The first one was just to do with 4211 in order to begin a Phase 3 program in the first half of 2013 when the latest you might need a partner on board for that to occur?

So there is two parts to that while first the logistics that we’re planning right now and then I think just to comment on the partnership timing issue, but maybe you could address the logistics in terms of what we’re doing to get ready.

Did you mean that for Jeff or for me?

No that’s for you Pablo.

Yeah so we’re already starting our interactions with contract research organizations. And we’re talking about the overall scope of the program, the number of studies and what it would take to be to initiate that program and what it would take to initiate it without missing a step because of partnering negotiations. So we think that there are opportunities to give a good start to our Phase 3 program if we have a – and a good arrangement with the contract research organization.
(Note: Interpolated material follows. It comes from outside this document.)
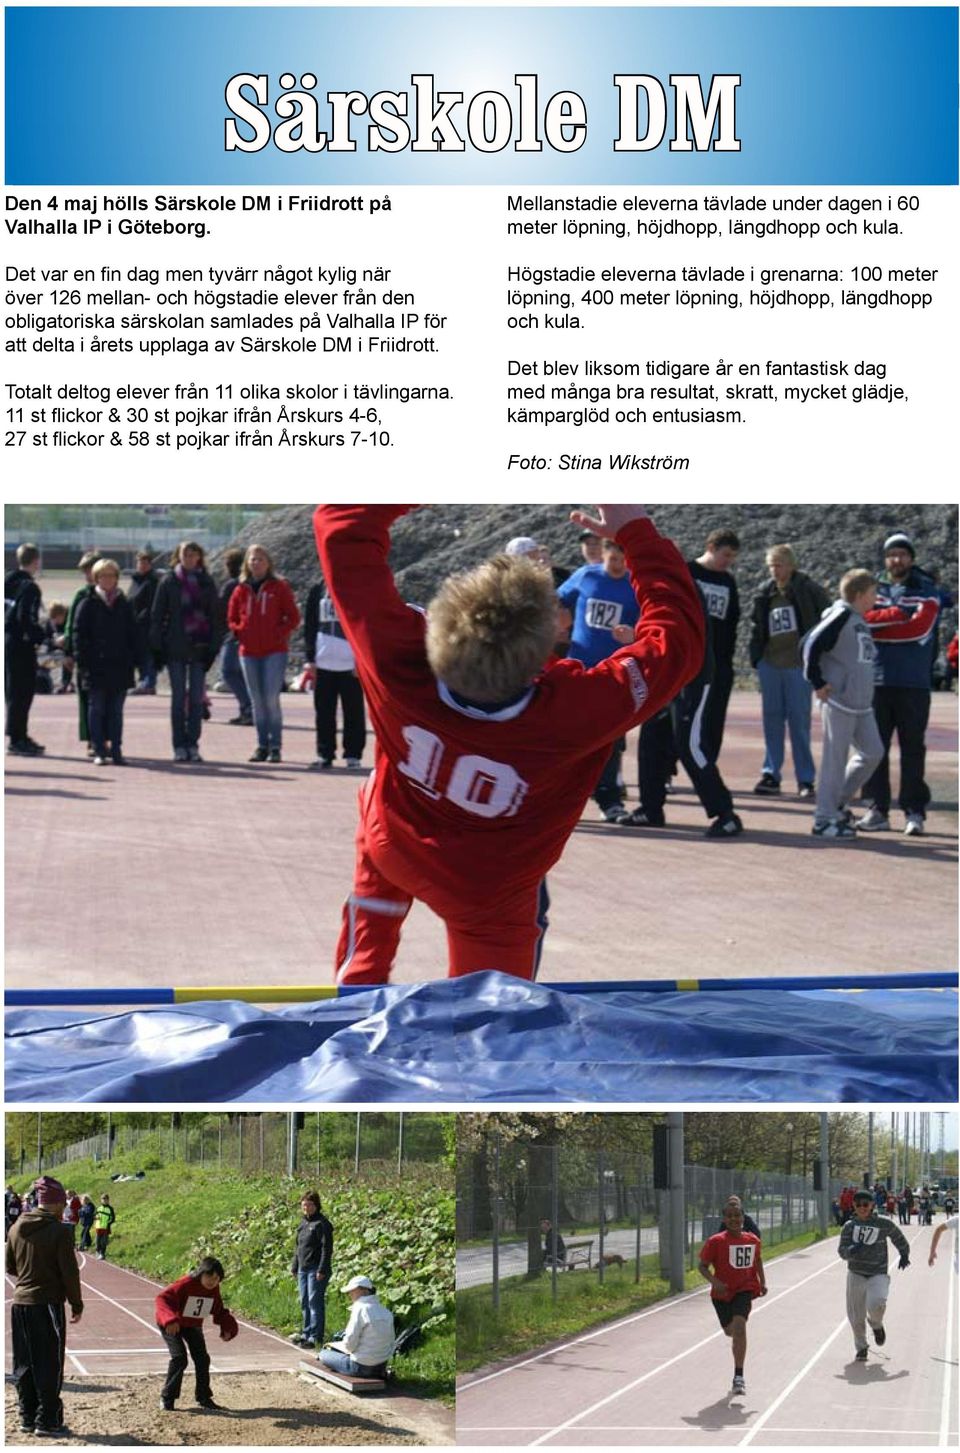 Friidrott. Totalt deltog elever från 11 olika skolor i tävlingarna. 11 st flickor & 30 st pojkar ifrån Årskurs 4-6, 27 st flickor & 58 st pojkar ifrån Årskurs 7-10.

Yeah it’s also worth mentioning that we’ve been working hard at the design of what Phase 3 would like to maximize the probability for success that includes taking into account advice we received from potential partners. So I think what we’re designing would be very much in the line with what they would want to be achieving.

Yeah I think that the thus we are to trying to design something that will be in line with partner expectations. We’re also planning on doing the work to be able to start that without a delay. And so I think that our goal is to have partnership not be a gaining factor into preparation for Phase 3, maybe a preparation for a kicking off the biggest trials. But at least from a preparation stand point we’re making this preparations already.

Okay. Thank you.

Thank you.

(Operator Instructions). And now there are no additional questions at this time.

All right, well I’d like to thank everyone for participating today. And we look forward to keeping you updated in the future. Bye, bye.

Thank you ladies and gentlemen for participating in today’s conference call. You may now disconnect.